• **Exercise objective**: Copy, word for word, the lines of the listing below from the line with "Missouri District Boys Camp Application" up to and including the line with "Aquamarine Crystal and zirconia earrings". Drop the pictures.

• **Input material**:
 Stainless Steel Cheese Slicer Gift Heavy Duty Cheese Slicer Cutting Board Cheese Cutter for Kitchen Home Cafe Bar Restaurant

* * *

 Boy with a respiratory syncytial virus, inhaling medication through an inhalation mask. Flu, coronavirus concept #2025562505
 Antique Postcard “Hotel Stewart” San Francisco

* * *

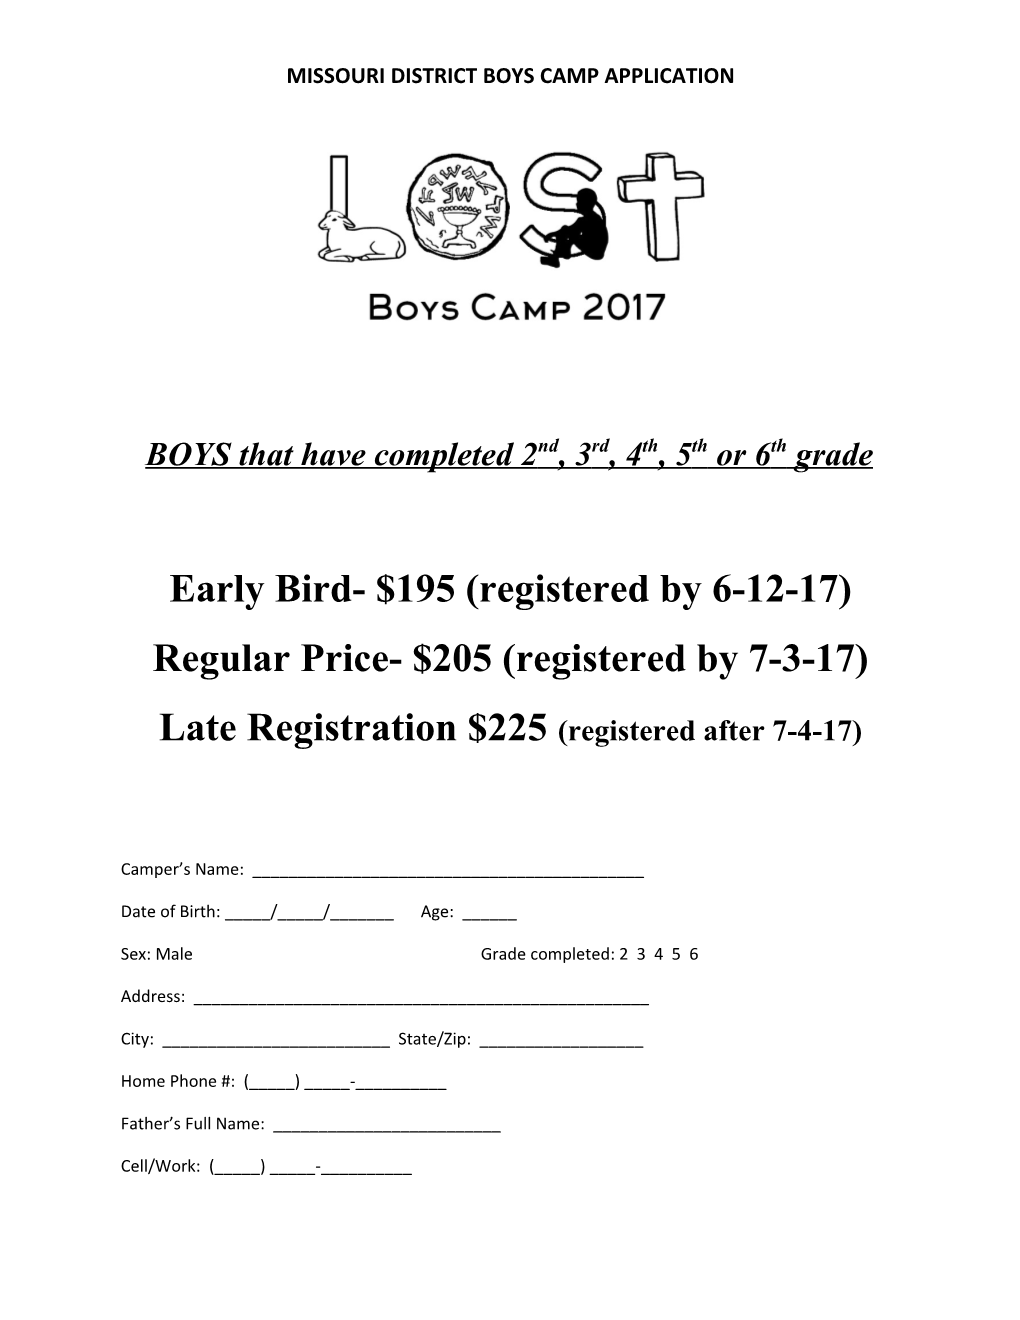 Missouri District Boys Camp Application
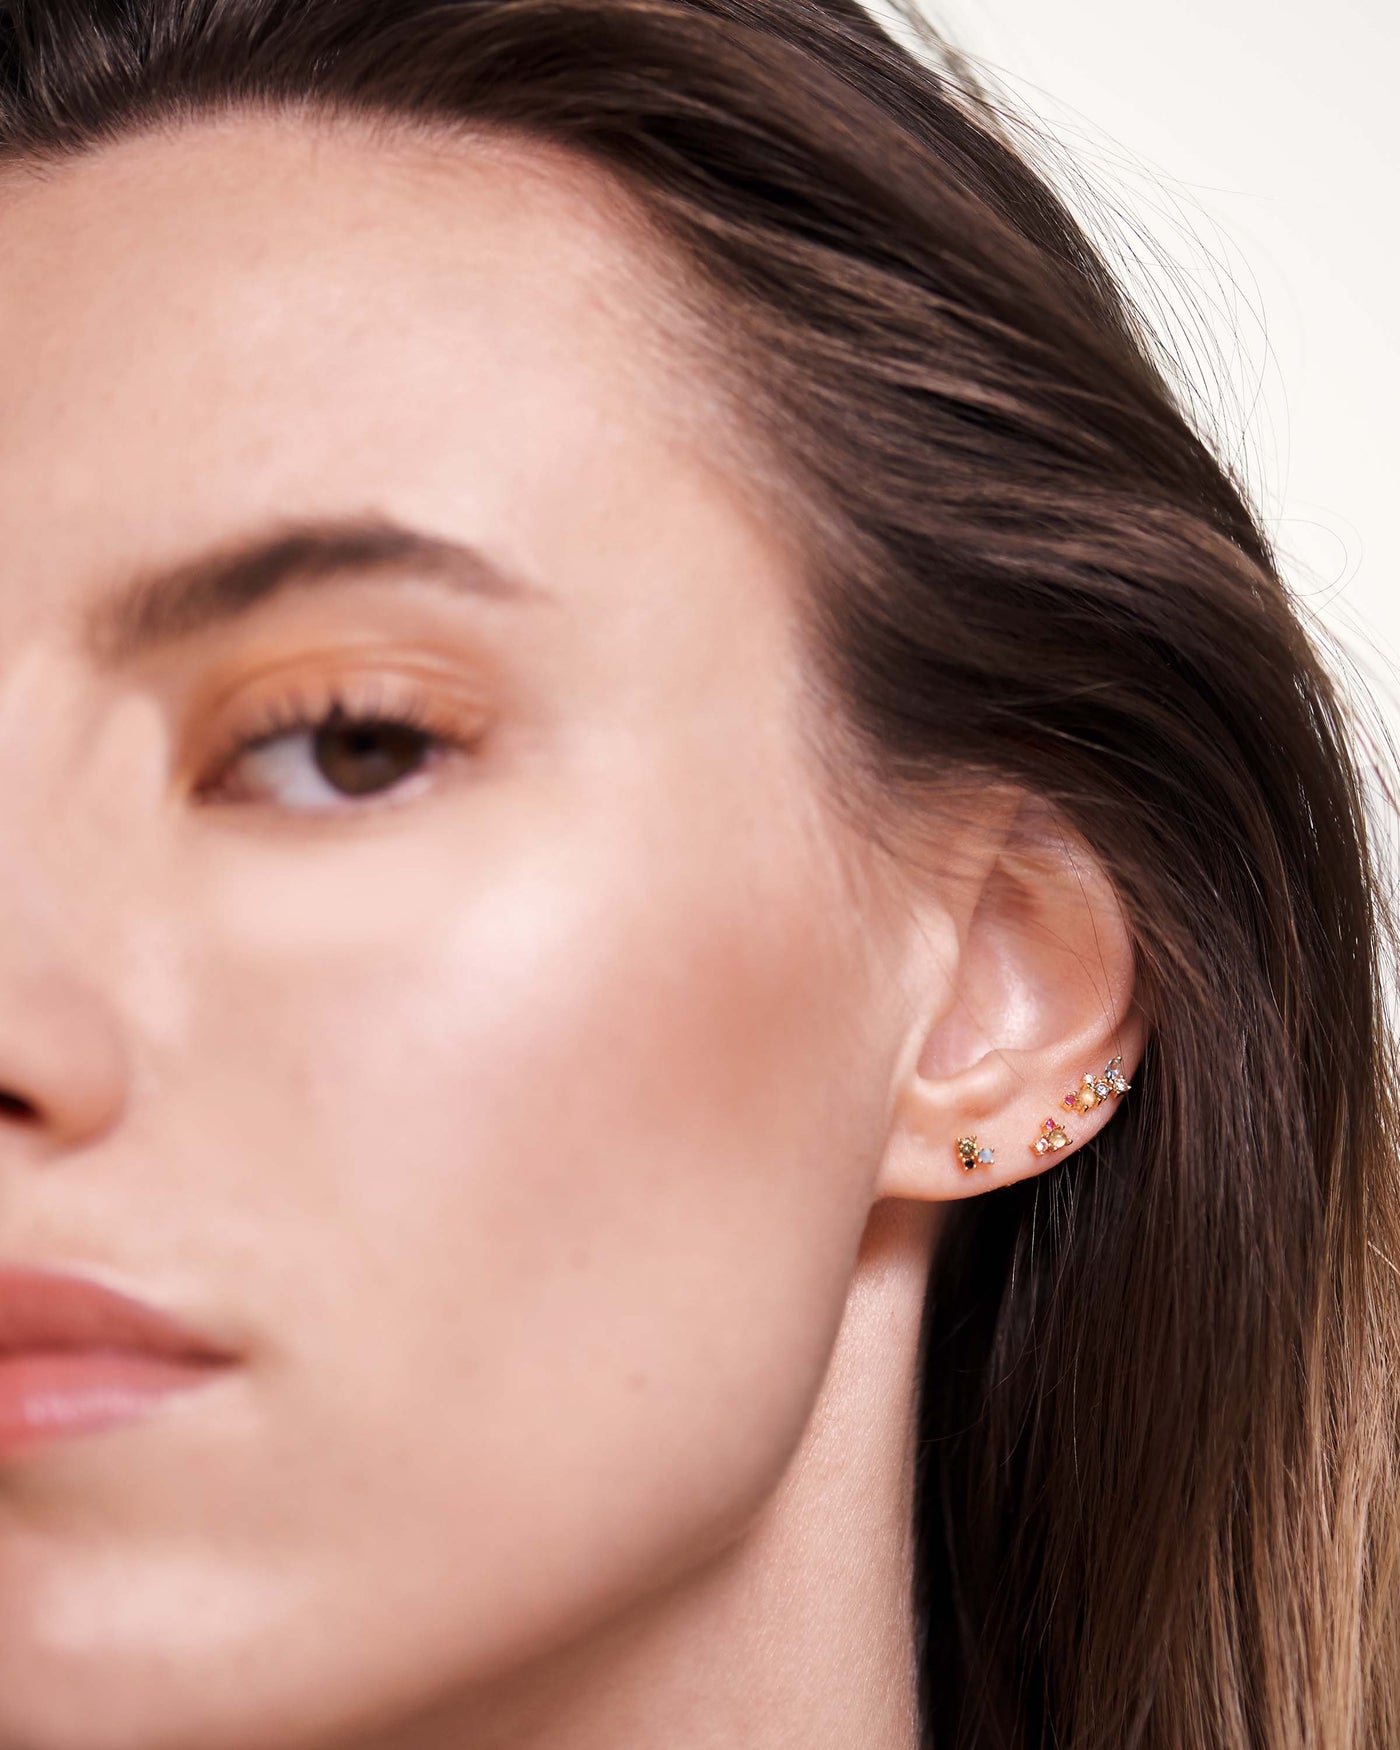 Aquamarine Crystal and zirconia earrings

• **Written solution**:
 Missouri District Boys Camp Application
 Aquamarine Crystal and zirconia earrings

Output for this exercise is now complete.